Club Italiano San Bernardo “Antonio Morsiani”

 ANTEPRIMA MONDIALE ASSOLUTA: NUOVO STANDARD

IL NUOVO STANDARD DEL CANE DI SAN BERNARDO

(approvato dalla FCHI 29/10/2003 e in vigore dal 1 aprile 2004)

Premessa 

(traduzione del Dr. Giovanni Morsiani)

 

Il testo completo del NUOVO STANDARD DEL CANE DI SAN BERNARDO, che il Club Italiano San Bemardo (CISB) pubblica qui in anteprima mondiale assoluta, è frutto del lavoro congiunto, durato oltre 5 anni, di tecnici, giudici, presidenti di club ed allevatori di Svizzera, Germania, Italia e Danimarca. ln particolare sono da ricordare il Dr. Jean Maurice Paschoud (compianto presidente della Commissione standard FCI), la Sig.ra Christine Rossier (giudice e dirigente dell'SKG svizzero), il Sig. Roland Hans (giudice specialista ed attuale presidente onorario del Club Svizzero), il Prof. Peter Brieskorn (giudice specialista ed attuale presidente del Club Tedesco), il Dr.
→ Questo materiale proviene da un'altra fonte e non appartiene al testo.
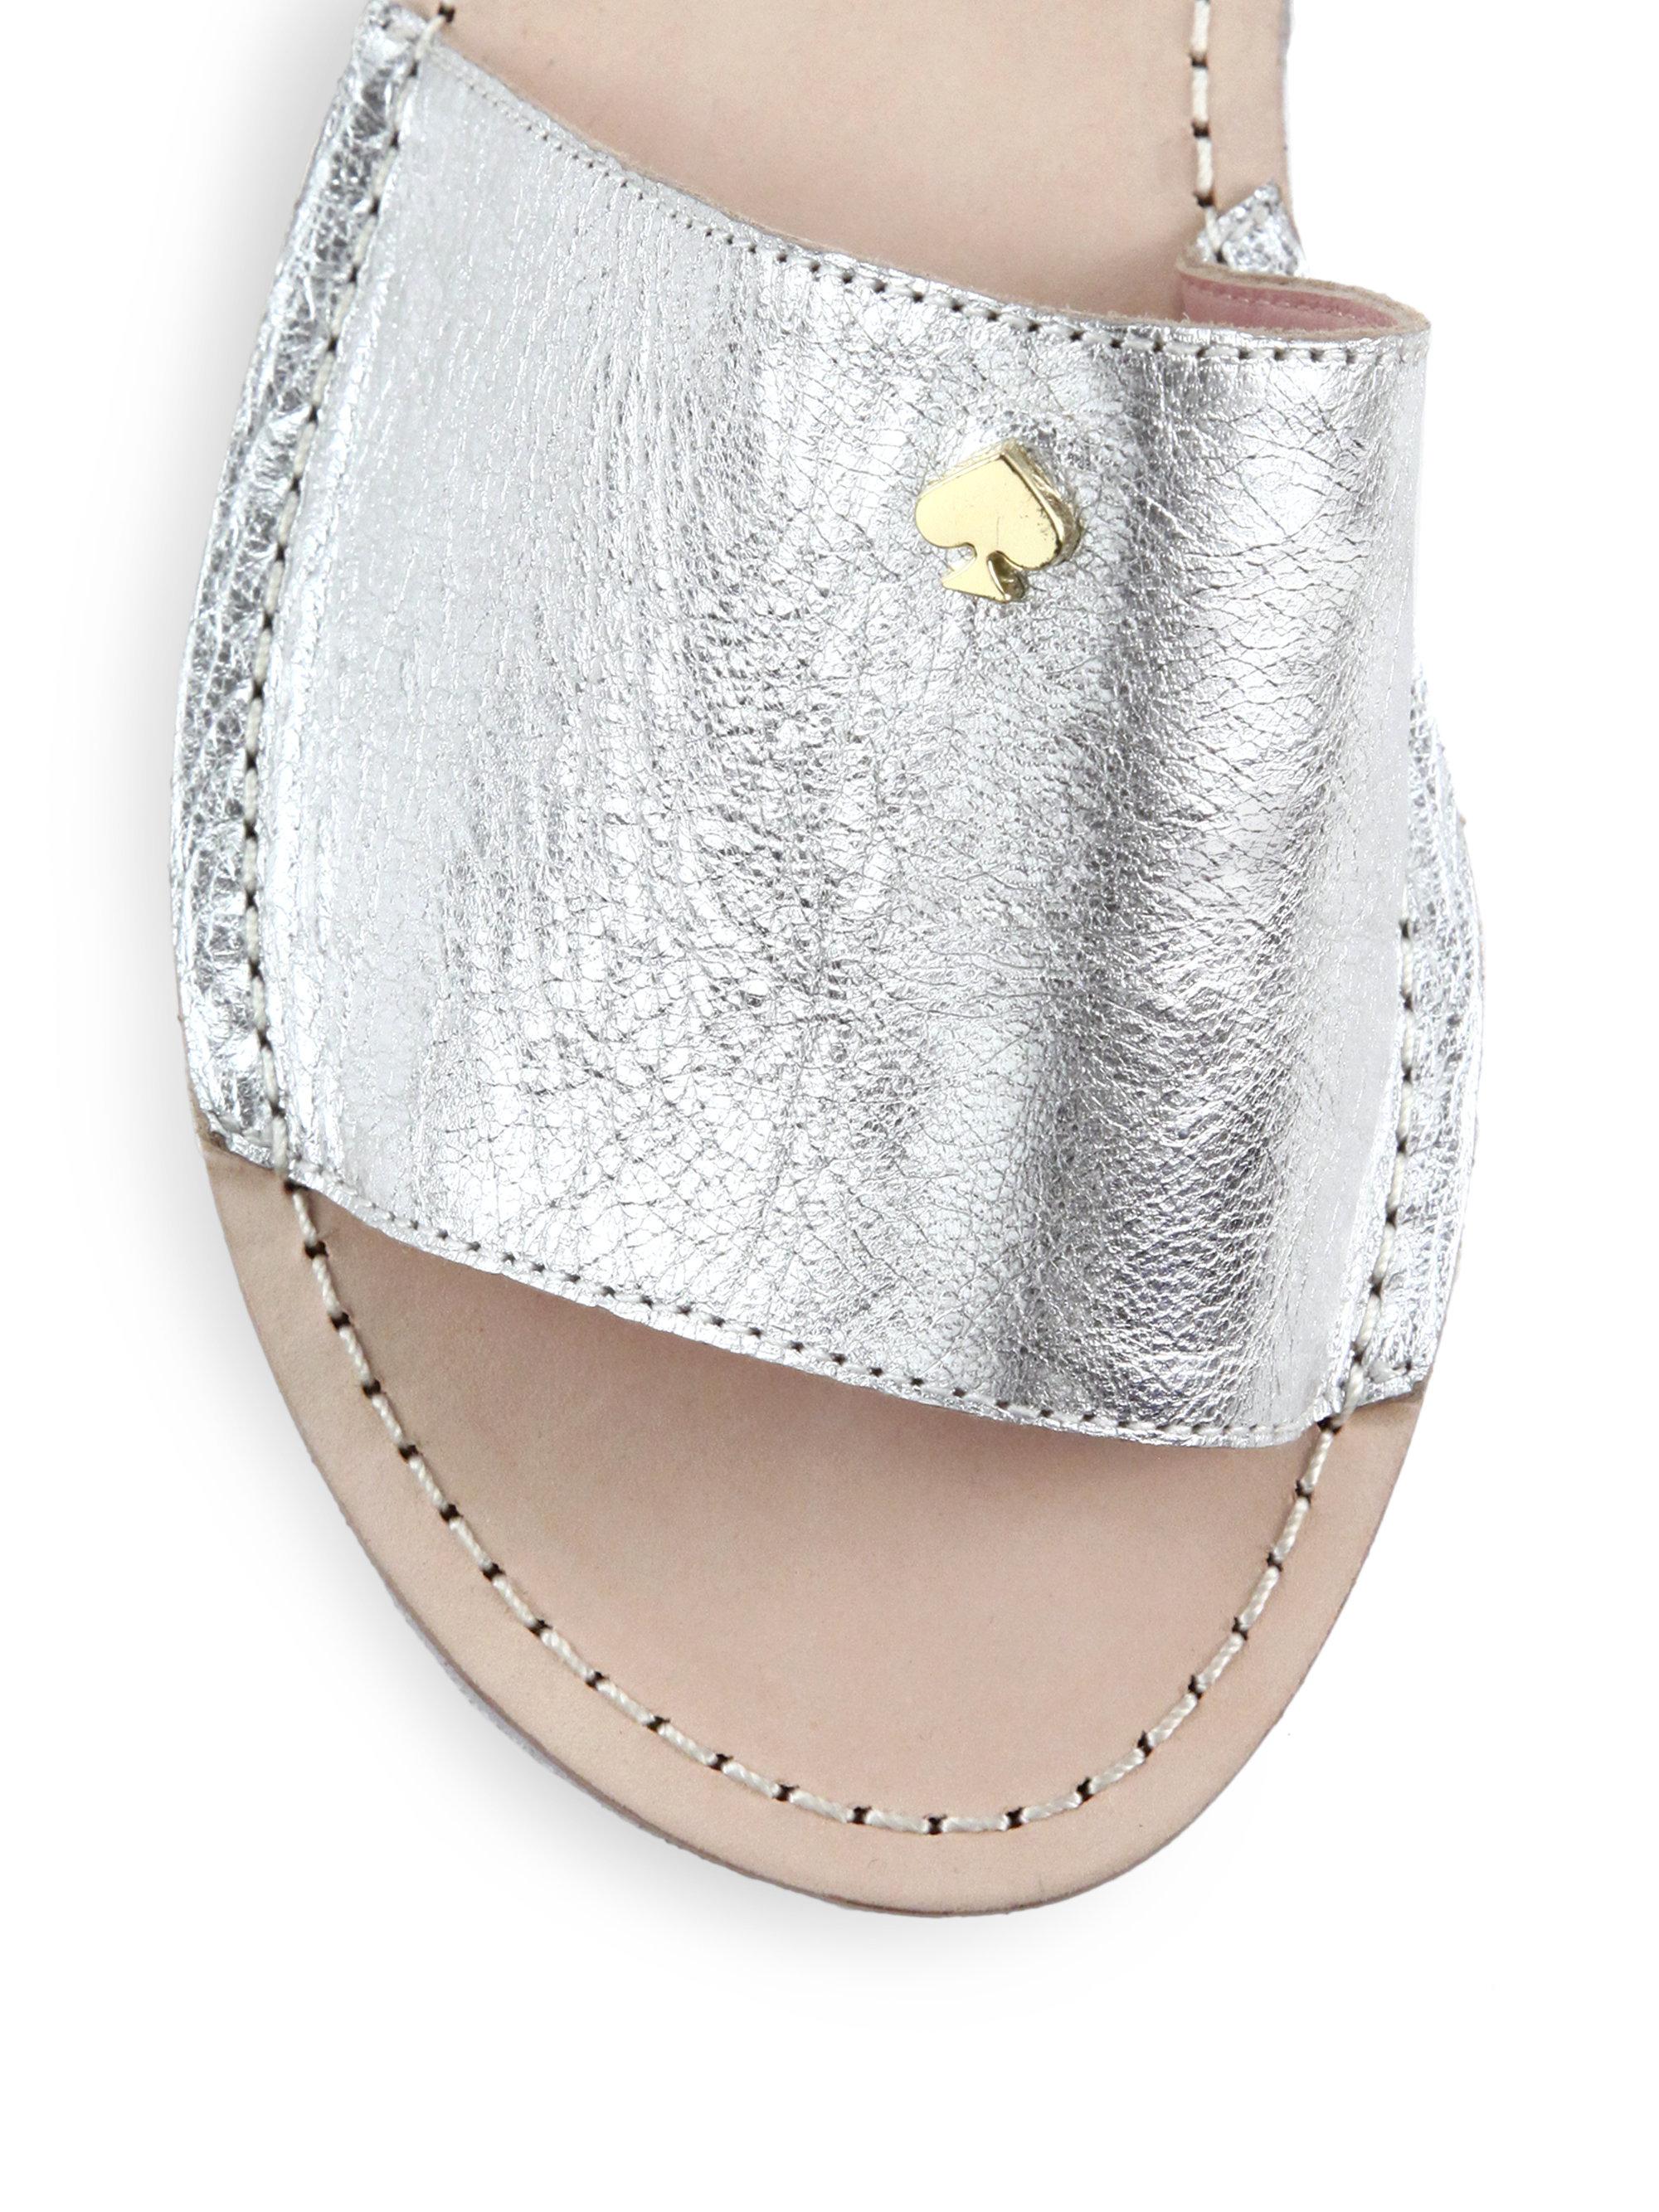 Kate Spade New York Imperiale Metallic Leather Slide

Antonio Morsiani (compianto giudice specialista e presidente del Club Italiano, sia per il dettaglio cinotecnico che per i disegni), il Dr. Giovanni Morsiani (giudice specialista ed attuale presidente del Club Italiano), l'Ing. Per Bay (giudice specialista e membro del Club Danese), il sig. Rudolf Thomann (attuale presidente del Club Svizzero), il Dr. Martin Koenig (giudice specialista e dirigente del Club Svizzero).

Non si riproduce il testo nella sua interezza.